Quando afinal eu matei as minhas sombras que também me mataram,

Pude perceber que somos fracos..., mesmo tendo vencido as batalhas;

Nas vitórias..., somos perdedores sem glórias dos que pra trás ficaram;

Do nada que restou das sombras mortas, estão nossas frias mortalhas.

ENTENDA

Entenda você ó criatura de Deus,

Que o presente maior você já tem.

Ainda que habitá-lo nos dias teus,

Ao sair de ti, ficarias dele um refém...

Porque o velho ainda permanecerá novo,

Somente é, porque continua por ti usado;

Dentro de um mundo casulo, como o ovo,

Passado sem vida, vinga ao ser chocado.

O que te amedronta não são as maneiras deste adeus?

Pense na despedida como sendo um tesouro sem preço,

Pois se pobre ou rico, a vida, na morte vira um adereço,

Entenda que não existe diferença entre os fiéis e ateus...

És um sábio? Diga-me então, se aqui há limites entre céu e chão?
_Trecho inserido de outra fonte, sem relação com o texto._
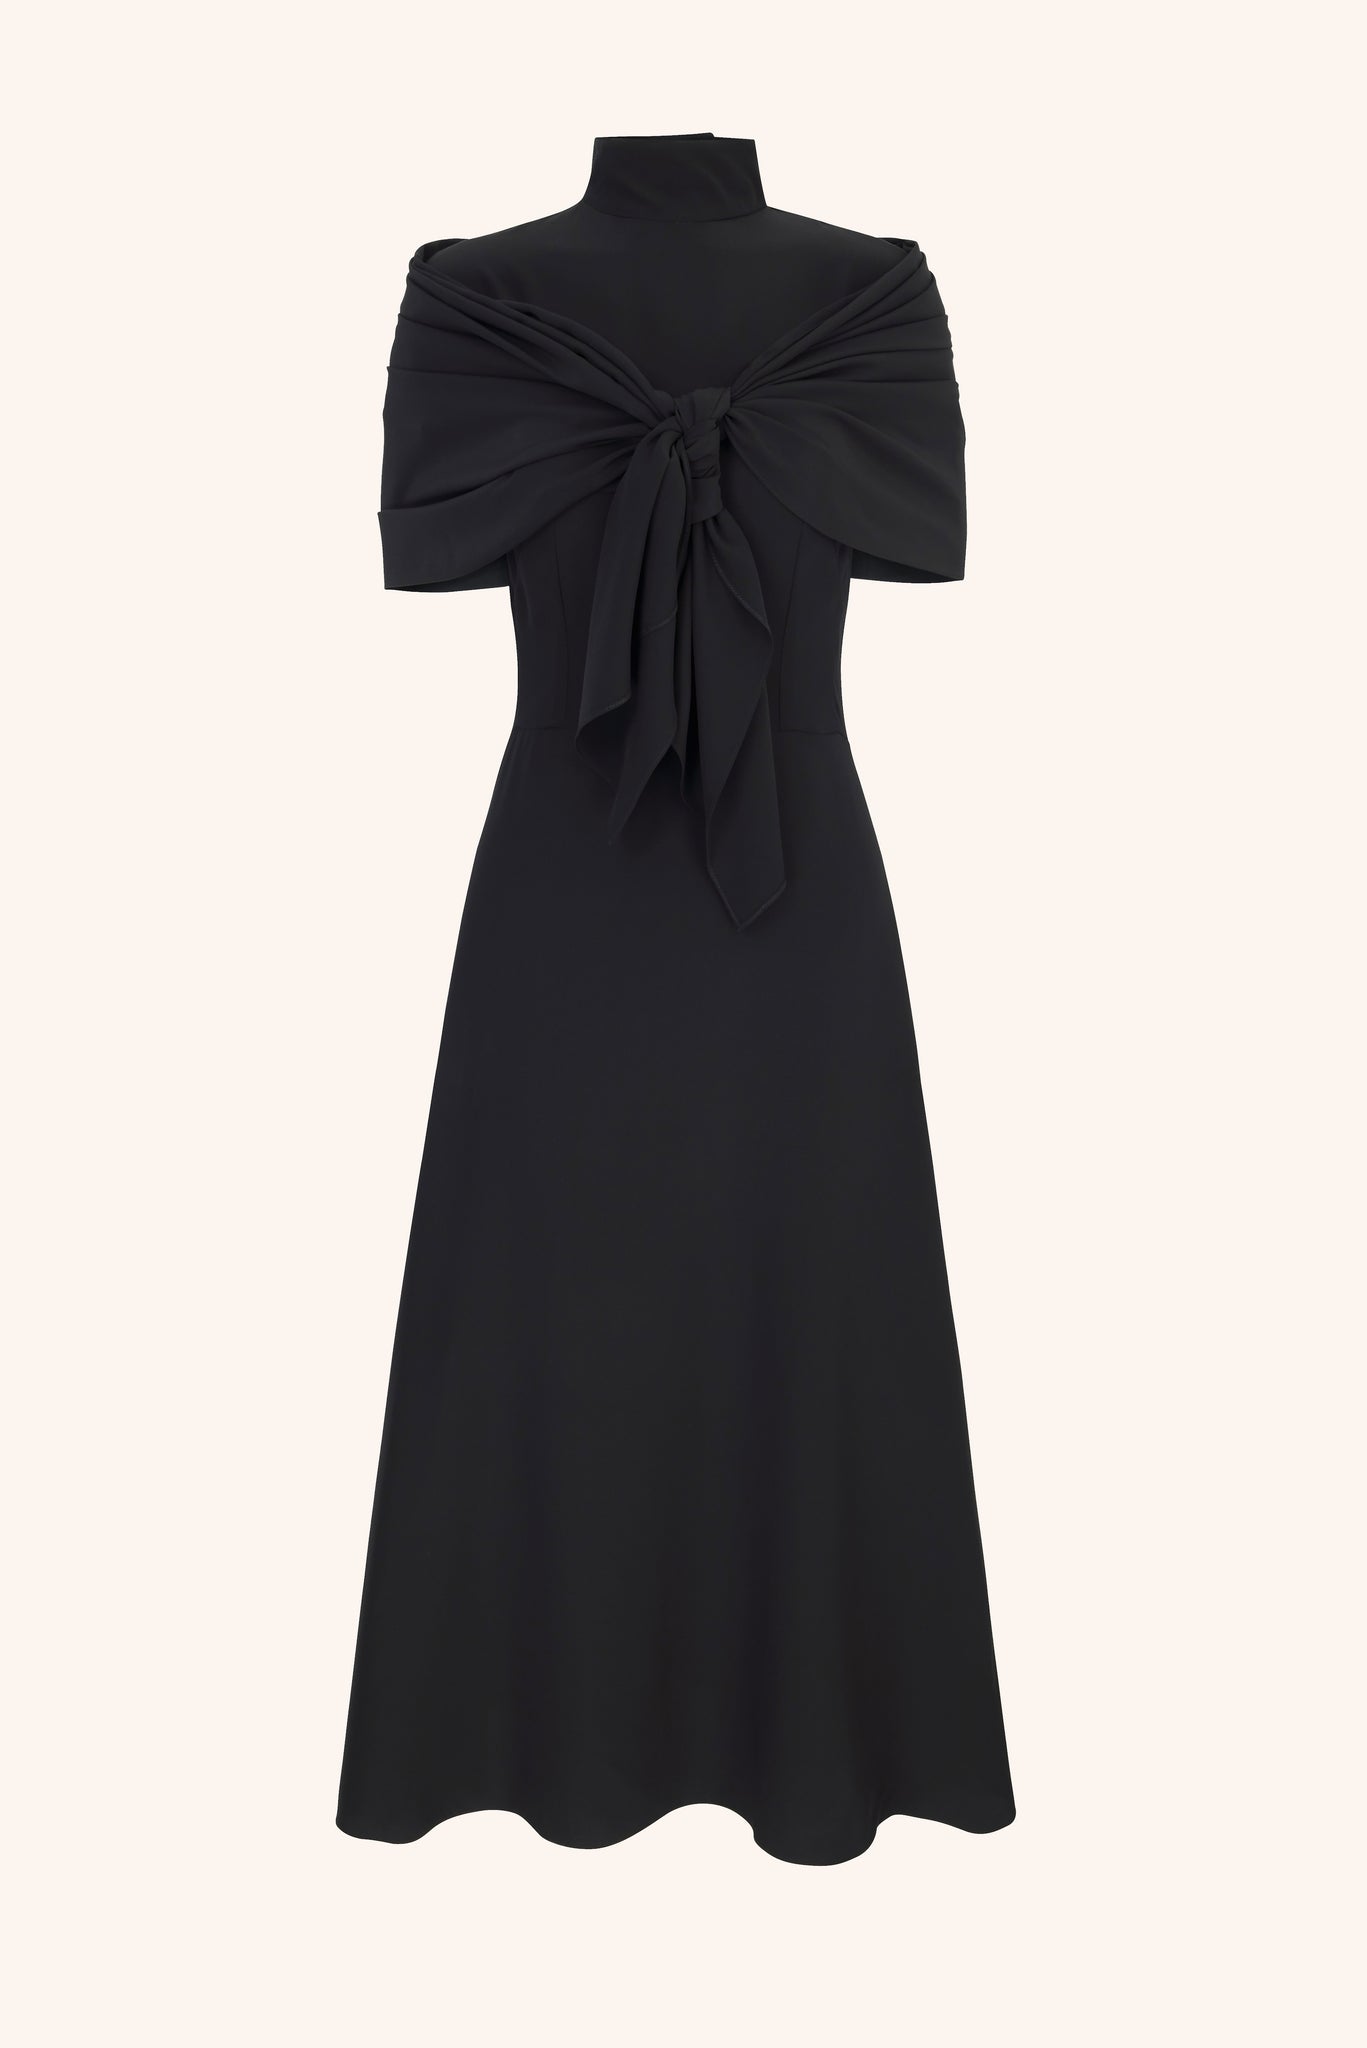 Angelique Dress in Black Silk | Emilia Wickstead

Eu respondo que não! Se assim fosse, nossos anjos não morreriam,

Nessas sementes que o ódio traga, e que aqui nunca mais vingarão.

Como num ressuscitado, a morte e o tempo sempre te desafiariam...

De ti o que tiraram, voltaria à tona em arte.

O que mais então tu pedes em recompensa?

O que me abate, é fio da faca que te corte!

E depois vem em mim com esta morte densa.

Morrer! É prazer da consciência, em alma lavada;

E quando não se é entendida, fica presa e sofrida.

Como num derrame acometido, permaneça calada,

Apenas olhe e angustie, querer nascer noutra vida.

Tão gélida, e mesmo sem chegar a nenhuma morada,

Sinta-se em casa por aquilo que existiu, e assim viu,

Deite-se olhando pro infinito nesta sua hora marcada,

Na passagem conformada do choro, quando já partiu...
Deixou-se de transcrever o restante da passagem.